Poi ci sono le cosiddette cause “esogene”, elencate da regioni e ministeri in un documento redatto al termine di un seminario di due giorni che si è svolto a fine settembre a Roma, insieme ai rappresentanti della Commissione europea. Oltre ai Tar, c’è il patto di stabilità interno che impedisce ai comuni di spendere anche se le risorse sono disponibili. E poiché i fondi Ue vanno spesi insieme a risorse nazionali, tutto si blocca. Ci sono le conferenze dei servizi, create negli anni ’90 per velocizzare le procedure per le opere pubbliche e diventate un “ulteriore fattore di rallentamento”: basta l’assenza di uno dei soggetti coinvolti e il processo decisionale si blocca e dunque se un comune o una sovrintendenza vuole porre il veto è sufficiente che non si faccia mai vedere.
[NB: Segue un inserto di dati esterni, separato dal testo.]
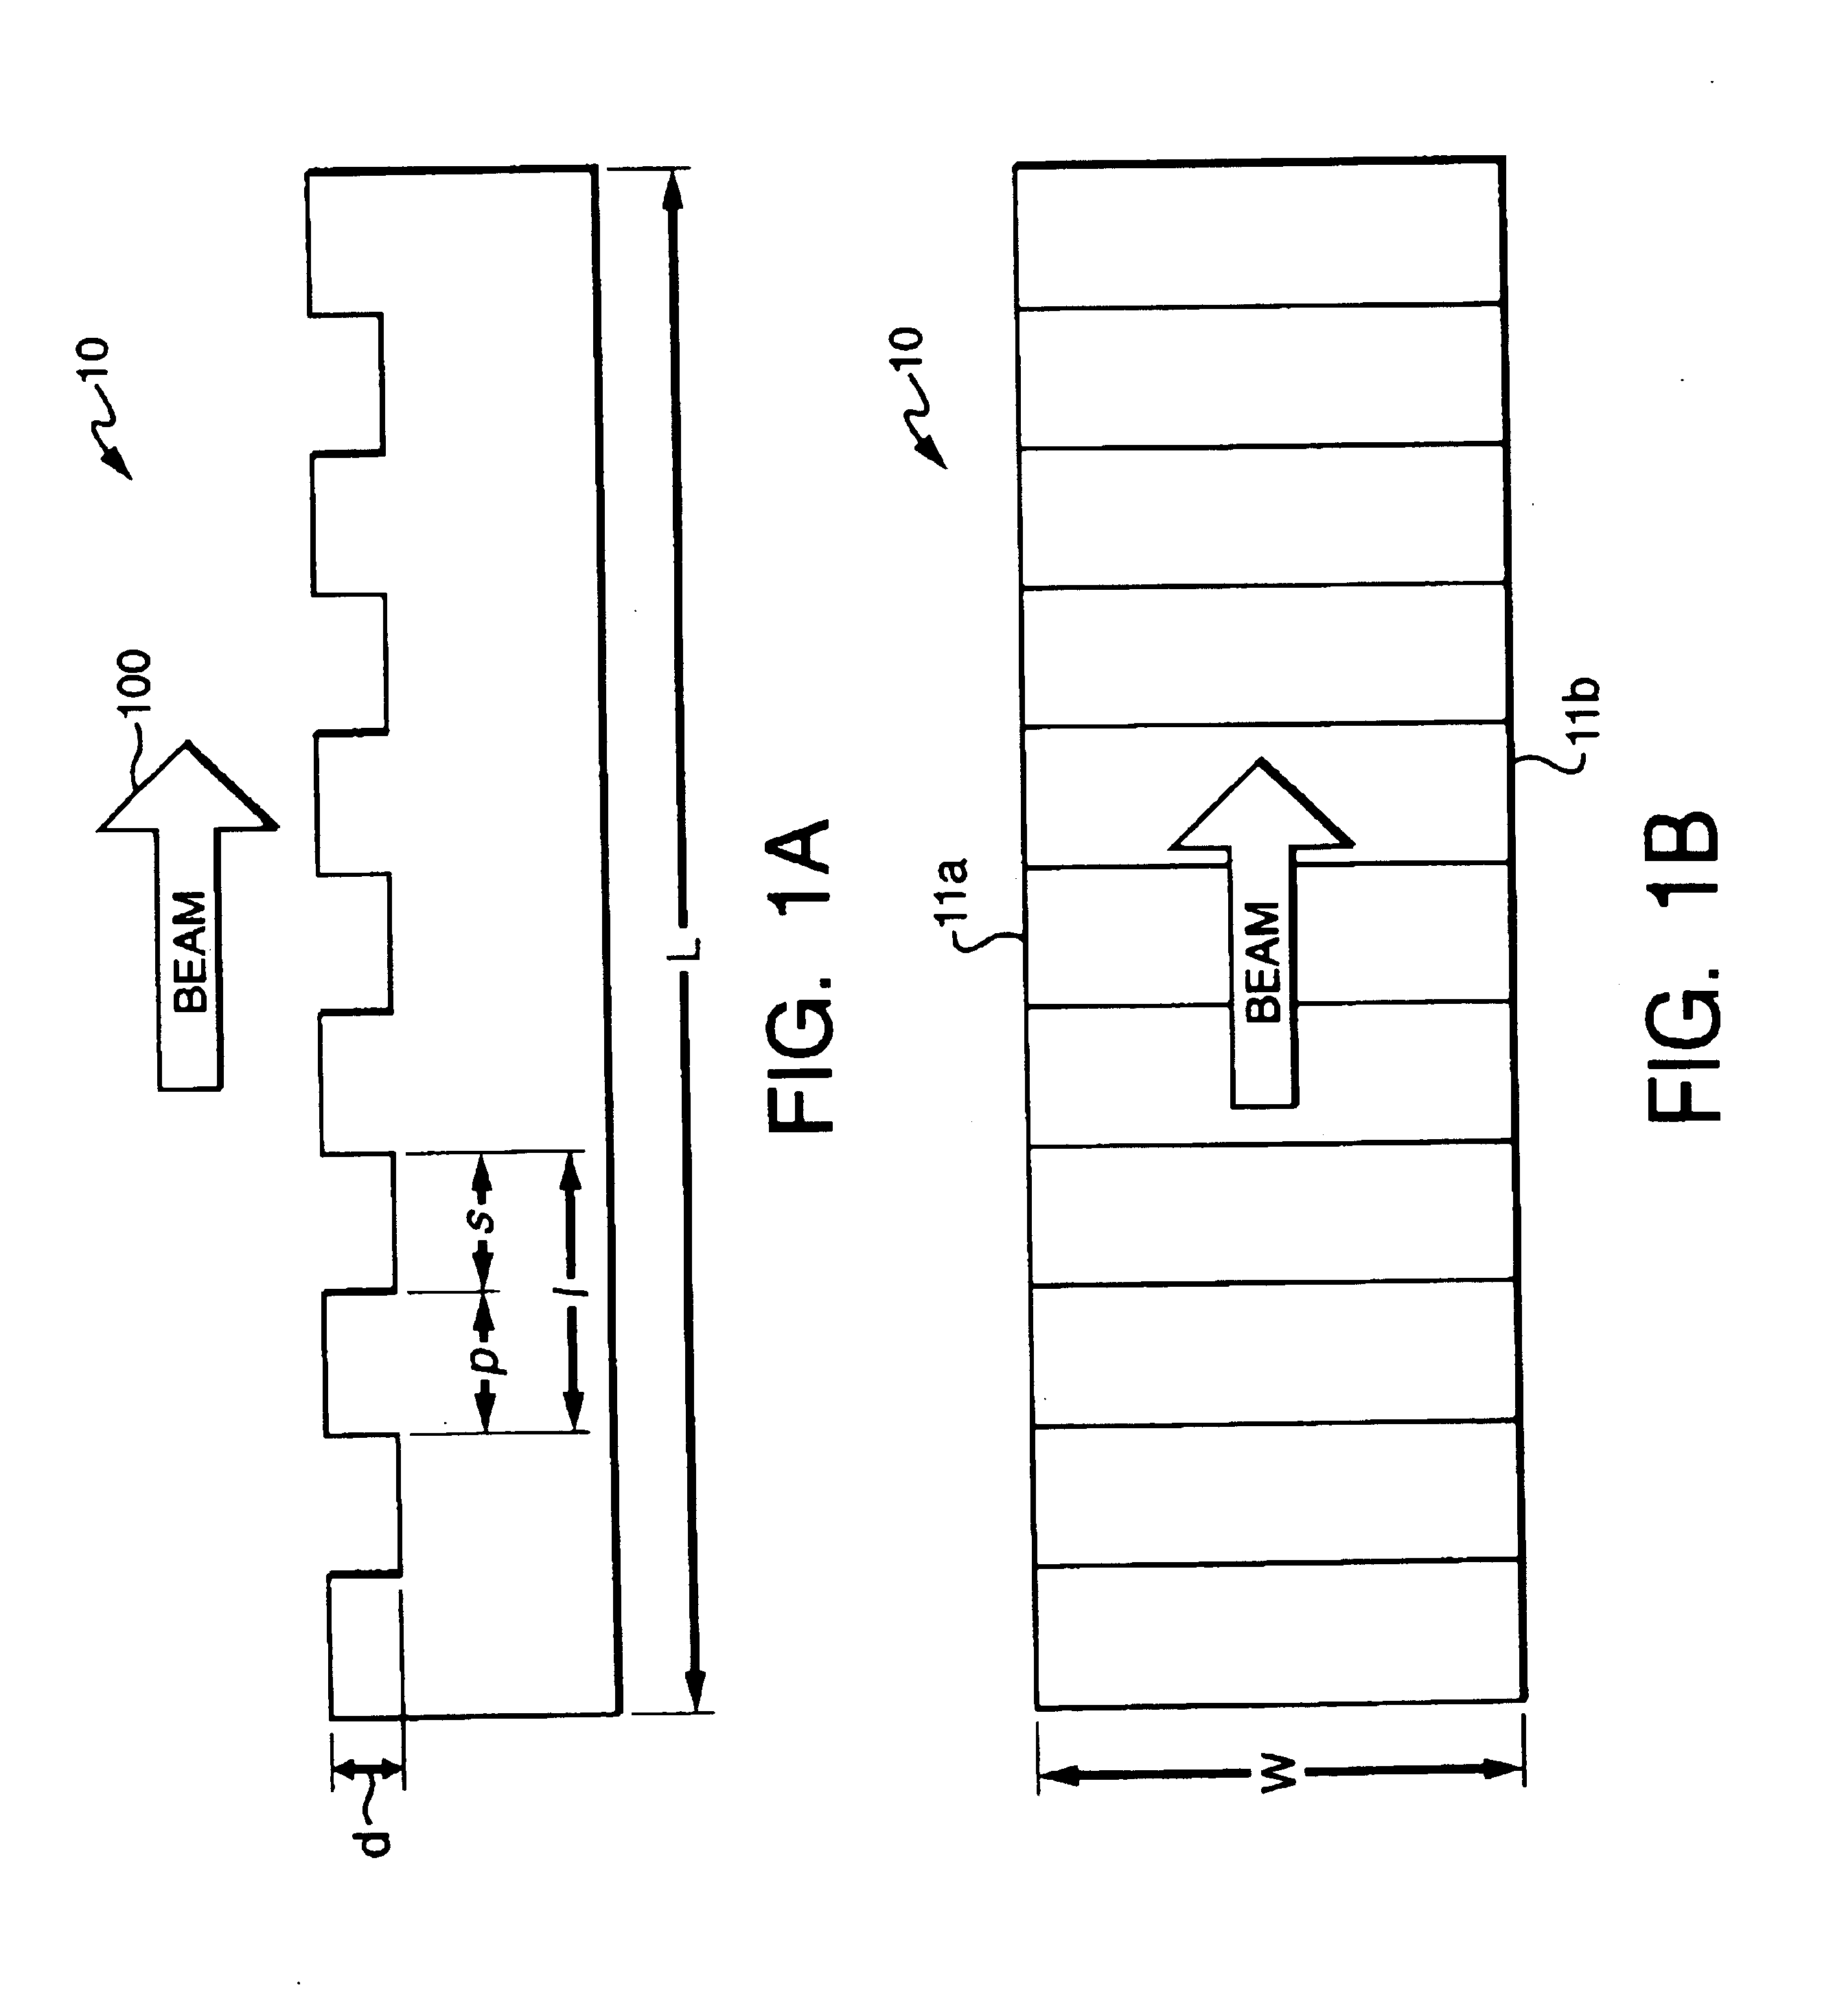 Apparatuses and methods for generating coherent electromagnetic laser radiation

C’è il codice degli appalti,la cui complessità contribuisce a dilatare i tempi in modo incompatibile con quelli imposti dalla regola del disimpegno dei fondi UE; ancora, l’eccesso di livelli amministrativi – lo denunciano proprio le regioni – da superare per ottenere le autorizzazioni necessarie per le opere pubbliche; la difficoltà nell’ottenere documenti quali il Durc o il certificato antimafia indispensabili per il contratto ma con durata di pochi mesi: quindi quando la pratica è giunta all’approvazione devono essere rifatti perché quelli già presentati sono scaduti; difficili da ottenere sono anche le fidejussioni bancarie per le note difficoltà del mercato del credito; infine regole che hanno un intento condiviso, come quelle anticorruzione che impongono la rotazione dei dirigenti con poteri di spesa, sono incompatibili con la necessaria continuità di gestione che richiedono i programmi operativi settennali dei fondi europei.
Genova e l’incapacità di spendere i fondi europei sono solo due scatti di un paese completamente imballato, prigioniero di burocrati e regolamenti, strutture e storture. Un paese in cui le regole sono troppe e confuse con la conseguenza “di produrre privilegi e ingiustizie; un paese in cui il formalismo amministrativo e la giurisdizione sono diventati riti funzionali a creare nicchie in cui chi può esercita un potere di veto, per arricchirsi o anche solo per vendicarsi”. Un paese in cui la semplice soluzione di buon senso, “esplicitamente pragmatica” è, banalmente, “inconcepibile”. L’Europa, a cui chiediamo il permesso di poter fare altro debito senza sapere bene come spenderlo se non in spesa corrente. l’Europa, temo, non ci salverà.